= Whitecoat Health Service Directory =

Online directory of healthcare professionals

Whitecoat Health Service Directory, commonly referred to as Whitecoat, is an online directory of healthcare professionals. It was launched in Australia in 2013 and New Zealand in 2018. The service allows consumers to rate their experience of a healthcare provider and read other users’ recommendations and reviews. By 2016, Whitecoat was the largest website of its kind in Australia. Whitecoat has drawn significant criticism from professional medical bodies.

==Overview==
Whitecoat provides contact details and ratings information for more than 210,000 Australian healthcare providers across 120 different provider types, including dentists, optometrists, and physiotherapists. Along with providing publicly available contact details for different healthcare providers, the Whitecoat website carries ratings information regarding availability, listening skills, explanation of treatment and likelihood to recommend as well as comments from customers about their overall service experience. The site has been likened to being the Trip Advisor of the healthcare sector.

==History==
Whitecoat was launched by NIB Health Funds. In 2016, Bupa and HBF signed a heads of agreement to join nib as investors and participants in expanding the Whitecoat healthcare provider platform, increase its reach to approximately six million Australians. Also in 2016, Whitecoat announced its plans to provide consumers with cost transparency of medical procedures on its website, as a result of 2014-15 NIB claims data that revealed significant fee variations paid to medical specialists, which left consumers with out-of-pocket costs. At the same time, Whitecoat announced it would also allow consumers to book and pay for treatment through the Whitecoat platform and apps.

As of 2018, Whitecoat has 65,000 health care providers listed on its website, including 16,000 Specialists and 11,000 General Practitioners, and had between 4 and 5 million visitors per year and 575,000 moderated reviews from patients. As of 2020, Whitecoat has 450,000 visitors per month, 120 modalities between GP, allied and specialists, 325,000 providers listed, 1.2 million Australian Health Practitioner Regulation Agency moderated reviews.

In 2020, during the COVID-19 pandemic, Whitecoat launched a Telehealth service to connect patients and telehealth providers in both Australia and New Zealand. Later that year Whitecoat launched native mobile apps, Whitecoat Pro for providers to process Medicare, Allied and Scheme payments and claims, and MyWhitecoat for consumers to approve payments and claims and manage their healthcare.

==Criticism==
Whitecoat's launch was met with significant criticism from medical professionals and bodies. President of the Australian Medical Association (AMA) Steve Hambleton expressed concern the website would give undue criticism to medical professionals who choose to see higher-risk patients, and accordingly have higher rates of adverse outcomes.
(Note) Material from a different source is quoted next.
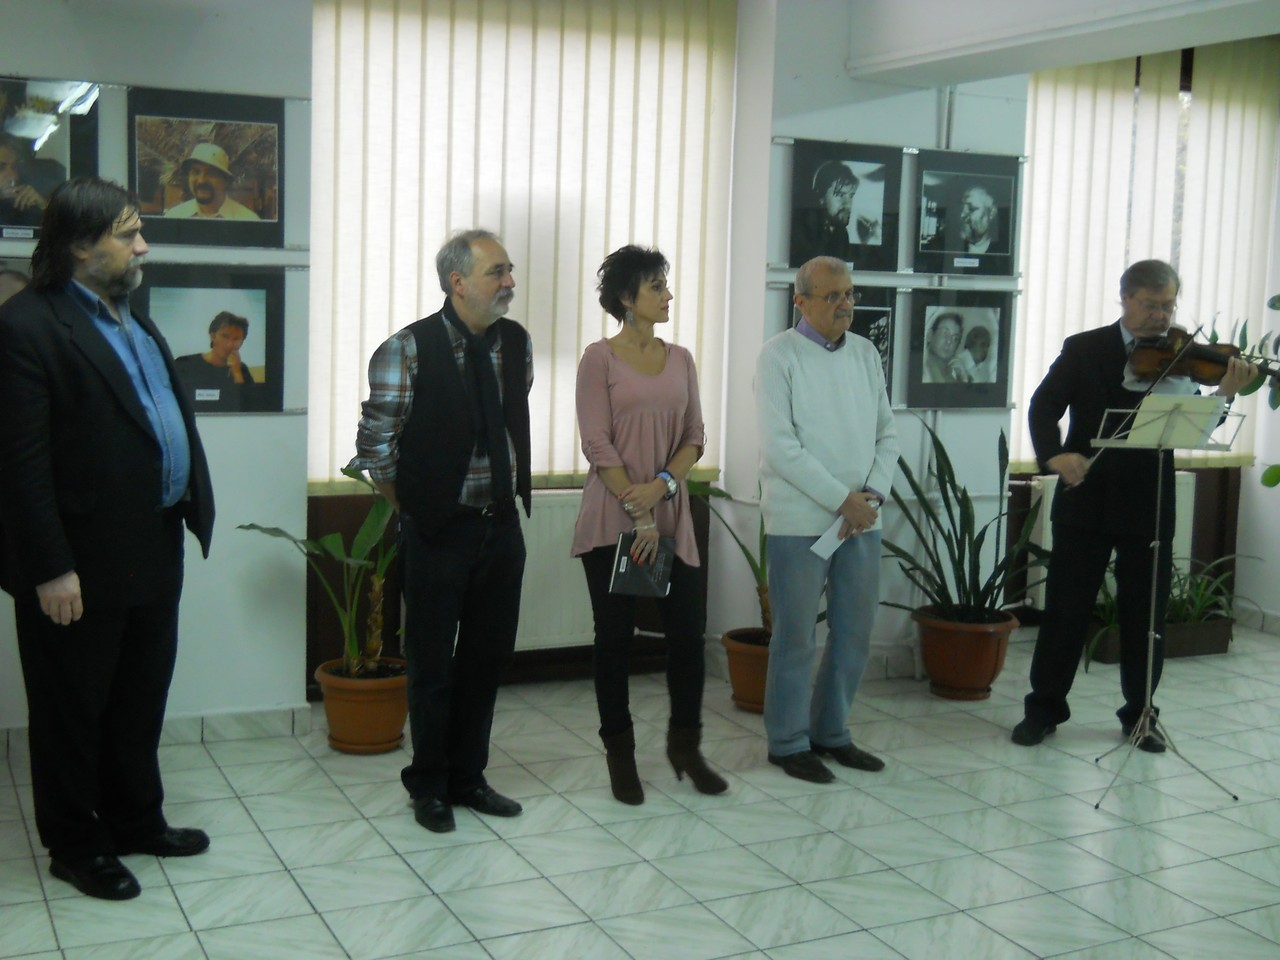 Kocsia Csaba berettyóújfalui fotós Magyar írók portré Kiállítása a Nagyváradi Euro Foto Art Galériában 2013 november 16-án

In 2016, the AMA expressed concerns surgeons would avoid operating on such high-risk patients if the complications rates were published. Australian Dental Association vice president Carmelo Bonanno said the website reviews failed to adequately represent the entire patient's experience with a healthcare provider, describing the service as "a cheap marketing exercise and nothing more.”

In 2018, Whitecoat launched in New Zealand. Association of Salaried Medical Specialists president Ian Powell subsequently expressed fears for the safety of medical professionals, saying "What happens if a doctor initiates child protection proceedings because they are concerned about a child's well-being, and one of the parents involved subsequently rates the doctor poorly or posts negative comments? There are circumstances in which comments posted on the website could post an actual danger to the doctor's safety, for example when doctors perform abortions or carry out other treatment or procedures that some individuals or groups find contentious."